Ireland vs Luxembourg Economy: GDP, Tax and Key Indicators 2026

Ireland and Luxembourg: A Side-by-Side EU Economic Analysis

4
Ireland leads
7
Indicators
3
Luxembourg leads
Ireland leads overall

Analysis by Eunomist Research Team  •  Updated 2026

The Verdict: Ireland vs Luxembourg

Luxembourg is the undisputed EU fund domiciliation capital; Ireland is a strong second, particularly for UCITS and ETFs. For pure holding companies outside the funds context, Ireland's 12.5% rate often wins over Luxembourg's headline 24.94% (though Luxembourg's effective rates are substantially lower via exemptions). The choice between them is highly structure-specific: funds go to Luxembourg first; operating companies and IP go to Ireland first.

At a Glance

Indicator 🇮🇪 Ireland 🇱🇺 Luxembourg
Corporate Tax Rate 12.5% 24.94%
Fund Vehicles ICAV, ILP, QIAIF SICAV, SIF, RAIF, SCSp
IP Box Rate 6.25% 6.75%
Participation Exemption Full Full (99.5%)
AUM Domiciled ~€5.7 trillion ~€6.1 trillion
Financial Services Cluster Strong Dominant in EU

Tax & Corporate Structure

Luxembourg's headline 24.94% rate is misleading — the participation exemption, IP regime, and fund-specific tax rules mean most Luxembourg holding and finance companies pay effective rates far below this. Luxembourg's IP box at 6.75% is competitive with Ireland's 6.25% KDB, and Luxembourg's vast treaty network makes it the preferred jurisdiction for fund-level structuring.

Ireland at 12.5% wins for trading companies and genuine operating businesses. For a company with real revenues, real staff, and real costs, the 12.5% rate is hard to beat. Luxembourg structures are more optimised for passive income, capital flows, and fund vehicles than for operating businesses.

Fund structuring: Luxembourg offers the deepest range of fund vehicles in Europe — SICAV, SIF, RAIF, SCSp partnership structures. Ireland has modernised with the ICAV (Irish Collective Asset-management Vehicle) and ILP (Investment Limited Partnership), which are now competitive for many fund types. But Luxembourg's decade-long head start in fund legal infrastructure and investor familiarity is a real advantage.

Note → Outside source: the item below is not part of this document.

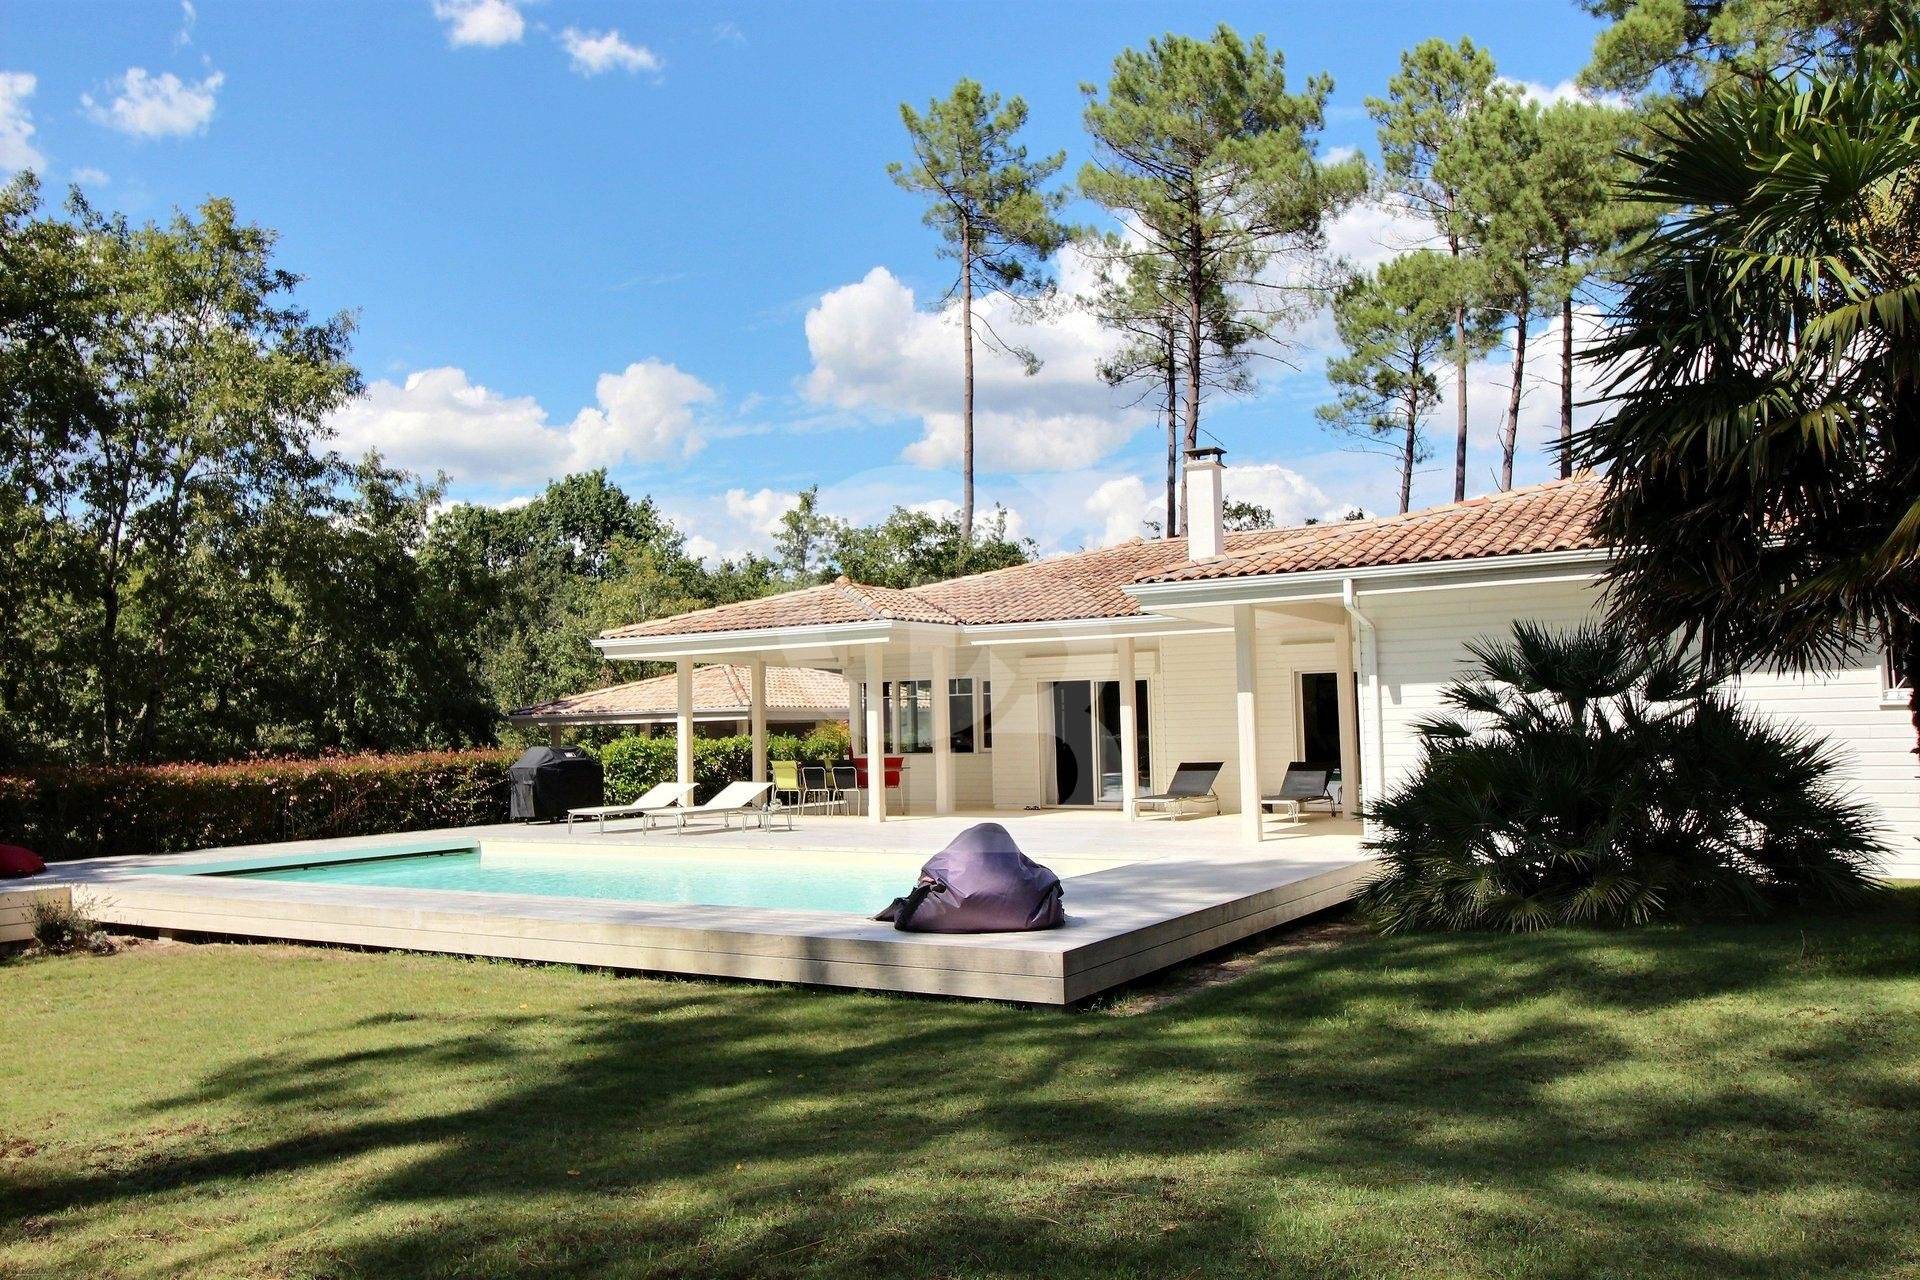 Vente villa avec piscine près de Bordeaux

VAT on fund management fees: Luxembourg does not charge VAT on fund management fees; Ireland does (for certain fund types). This has historically given Luxembourg a cost advantage for fund management companies. Ireland has been working to close this gap.

Substance requirements: both jurisdictions require genuine substance under OECD BEPS and EU anti-avoidance rules. Luxembourg has been more aggressively scrutinised by the EU Commission and has strengthened its substance rules significantly since 2017.

Labour & Talent

Luxembourg is tiny — population ~660,000 — and relies heavily on cross-border workers from France, Belgium, and Germany. The financial services workforce is genuinely international and highly experienced in fund administration, custody, and banking.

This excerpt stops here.